Reflections are freely observable but prove to be nevertheless elusive. Maybe this is the reason why unearthing them is so intense: The multiplicity of potential perspectives containing all possible views awaits a resolution in our individual choice, such that choosing a perspective becomes a moment of individuation. We are therefore folded into the mirrorical perspective which allows us to look forward onto the object and backward to ourselves. Similarly, when we see an old photograph, we often remember both, the observed scenery we have pictured, and the unshown moment behind the camera we have inhabited. Thus, in connecting the observed world and our inner memories, the picture becomes a bridge between the moment’s actuality and virtuality.
A reflection is showing more than just the reflected object, since it also shows a perspective and a way of looking — and in this sense, a reflection is a quintessential photographic moment: When we look at an object, encircle it, and discover its shape and play with light and color, we see a multiplicity of pictures that could be taken. This moment, when all these virtually possible pictures are present, is the most intense moment of photography. Amidst this tension we choose a shot to turn our vision into an actual picture, and in pressing the shutter release, we let go, releasing not only the shutter but also the build-up having furnished this moment.
The photographic experience is intensified in picturing reflections. First, each reflection is a question of perspective and is often extremely sensible to our position, since a nearby reflecting surface amplifies our movements, such that a difference of some inches is enough to change a reflection entirely. Second, a reflection is — just like any photograph — installing momentary tension that spans from an actual object to a multiplicity of virtually possible reflections. Photographing a reflection is like photographing another picture; and like taking photographs, observing reflections is sometimes not just showing a moment but effectively creating it, inasmuch as this very moment would have never been realized — at least as intensively — without the corresponding insight.

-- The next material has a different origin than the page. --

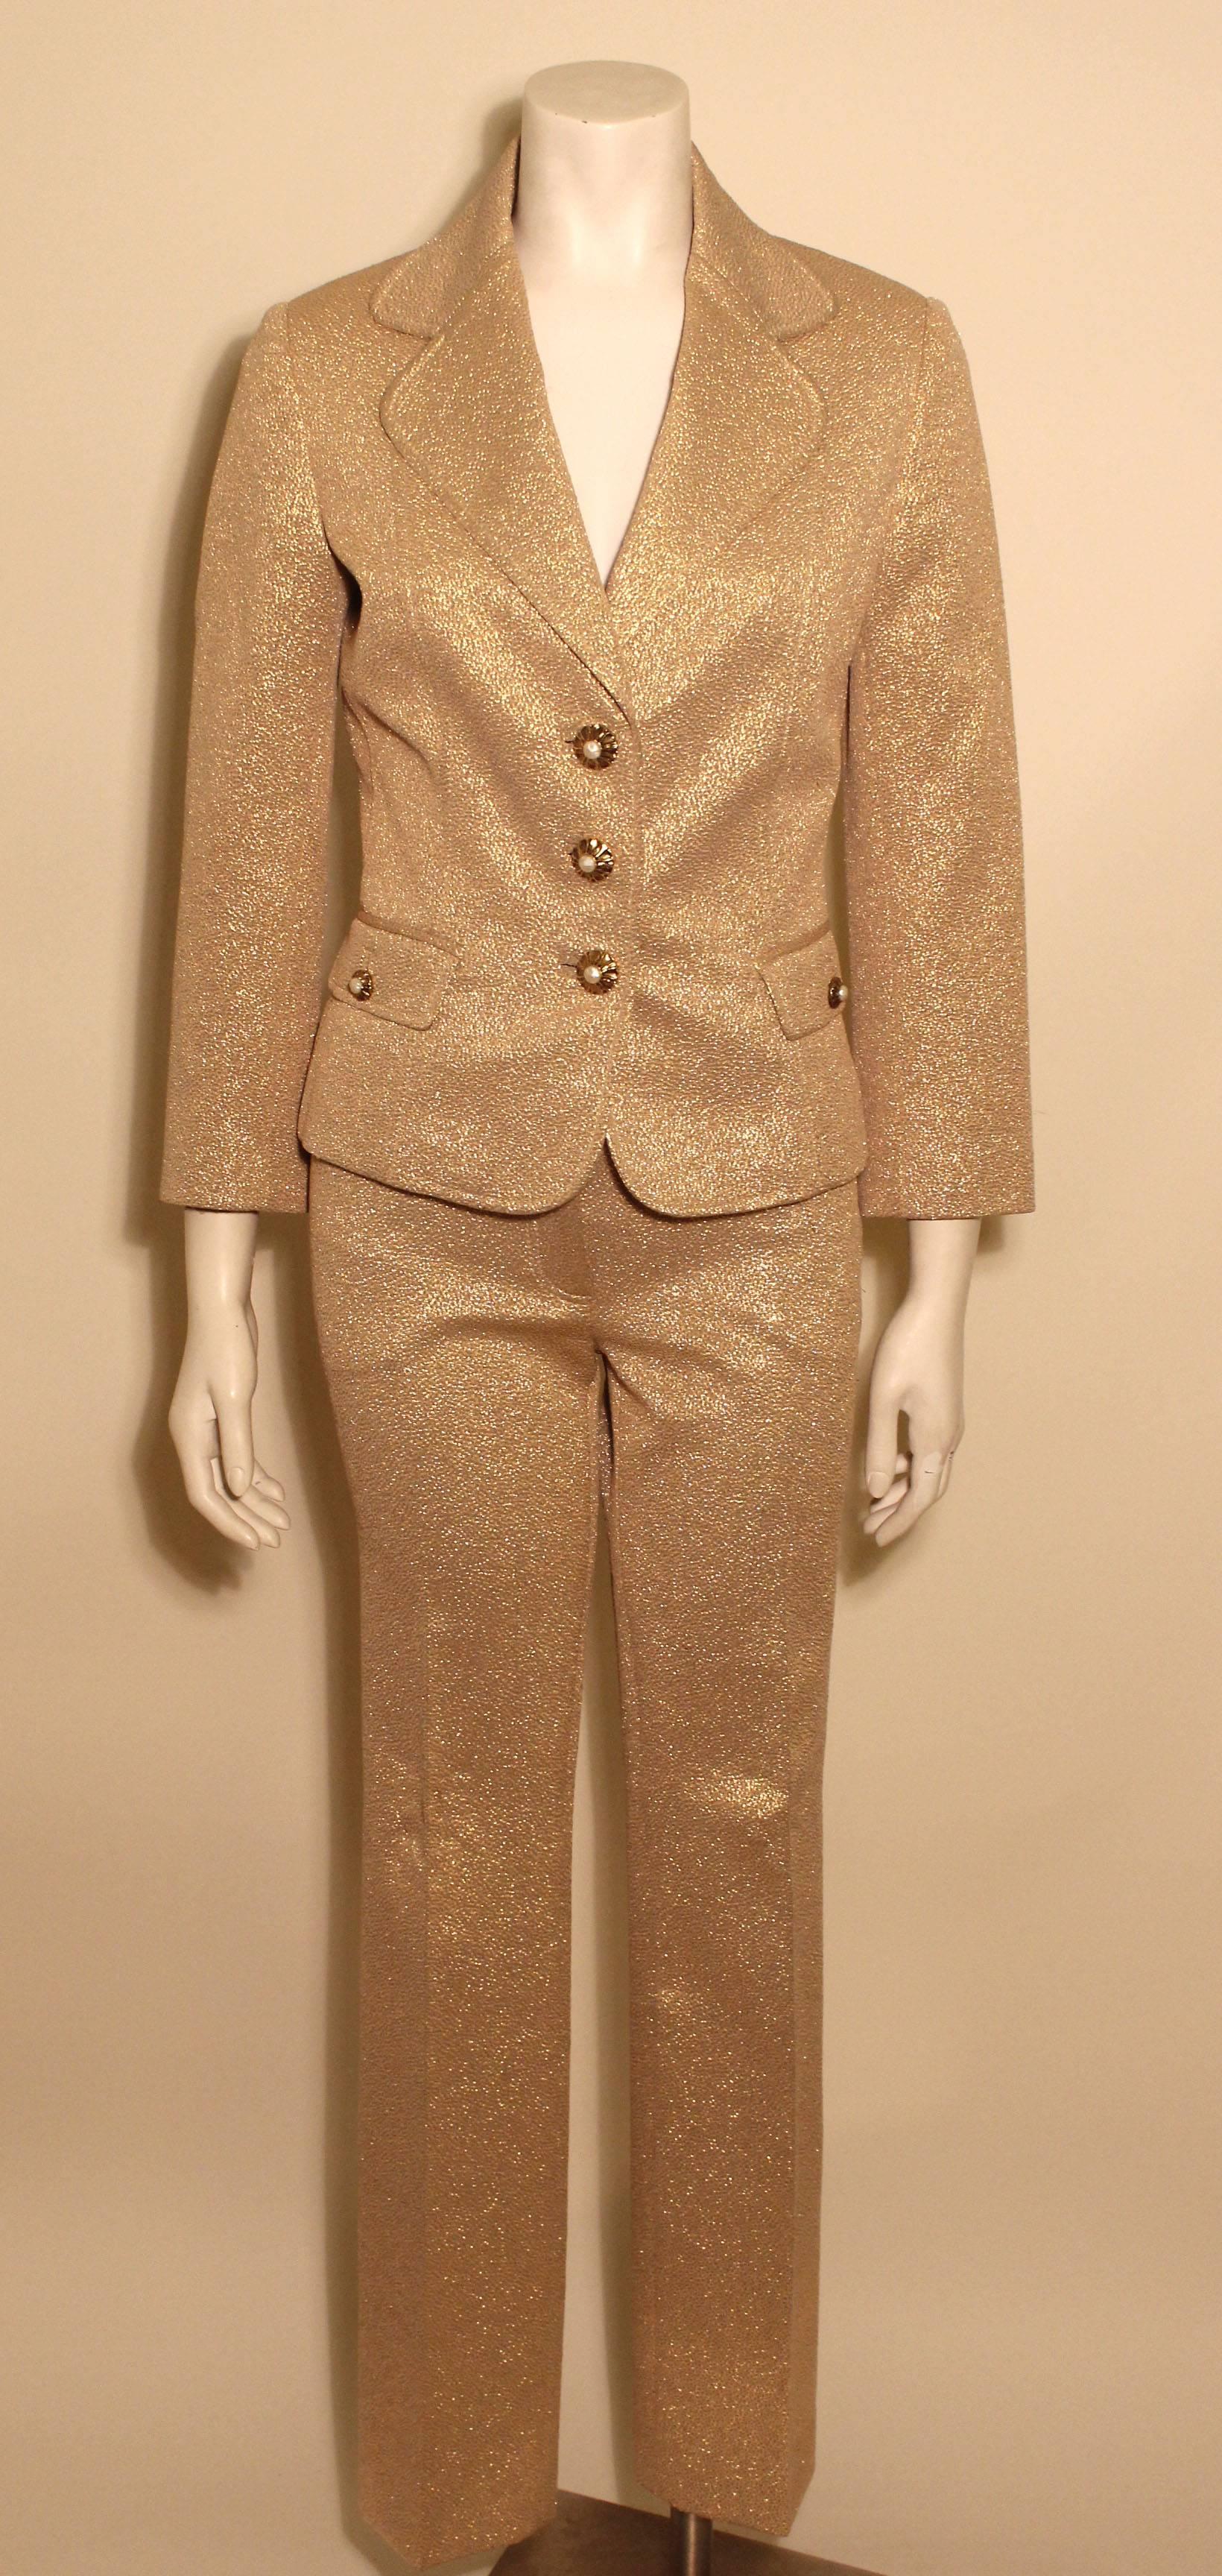 This glamorous gold pant suit is Dolce Gabbana perfection. The straight tapered pants hang low on the hips with wide belt loops and slit front pockets, as well as back flap pockets with buttons. The jacket is fitted and slightly cropped with gold

While pictures reflect and reflections picture the world around us and our position within, they also differ in some respects. Reflections have a visible surface with a surrounding context that embeds the reflection. In contrast, pictures frame the world on a mostly clean focal plane and thereby decouple it from its context. When we hang a picture, we often frame the picture to separate it from its environment, giving such a photograph a staged appearance. And most importantly, photographs, once taken, are frozen in time while reflections are still mobile, containing a multiplicity of potential perspectives.

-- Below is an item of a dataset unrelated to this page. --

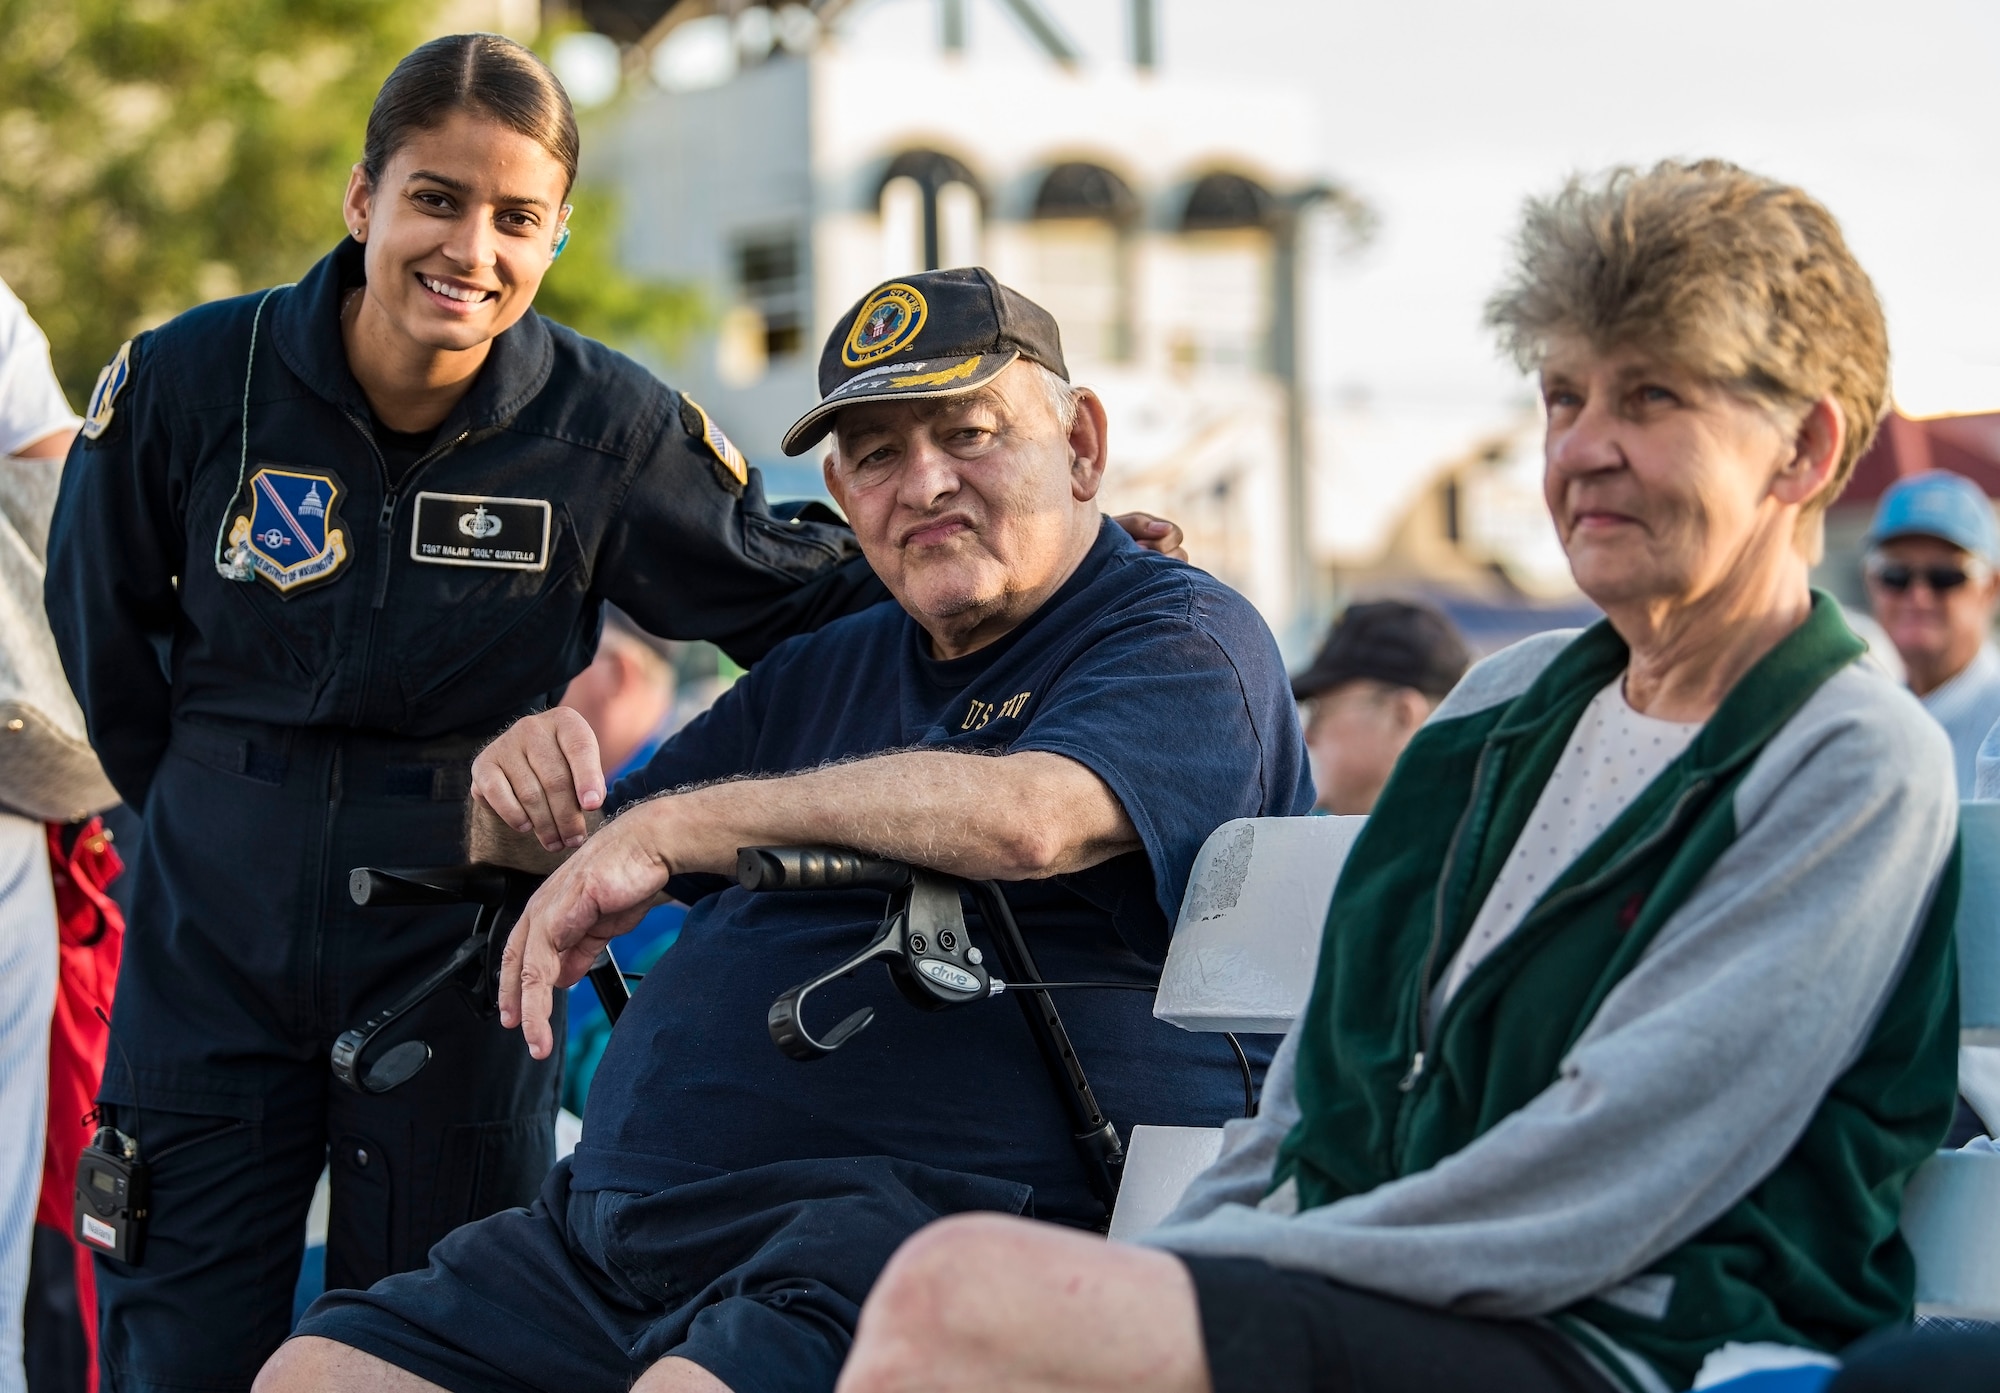 Tech. Sgt. Nalani Quintello, Max Impact vocalist, Washington, D.C., poses for a photo with U.S. Navy veteran David Bethard, a Millsboro, Del., resident, June 16, 2018, at the bandstand in Rehoboth Beach, Del. Bethard served four years as a cook onboard the USS Everglades (AD-24) before making his home in Delaware. Max Impact, the premier rock band of the U.S. Air Force, is stationed at Joint Base Anacostia-Bolling in Washington, D.C. (U.S. Air Force photo by Roland Balik)

The pictures of this series have served consecutively as screen backgrounds on my notebook. Each picture shows the preceding one, displayed on screen while reflecting the environment from wherein I was taking the shot. With each subsequent repetition, this environment has been folded into the next picture. In this way, the series has accumulated traces of the past that have either turned into a faint residual shadow looming in the background, or evolved into dominant forces that have been starkly amplified over time. Absorbing their surroundings, these pictures are exceeded by their environments, as much as they are characterized by the process of making them: For example, because they were displayed digitally, the pixelation caused some inevitable moire patterns, especially during shots from angled positions. The colors were also driven into extremes, since strong colors, contrasted by fresh and delicate reflections, became even stronger on the illuminated display. Consequently, these pictures combine their excessively influential environments in a yet individual and characteristic way.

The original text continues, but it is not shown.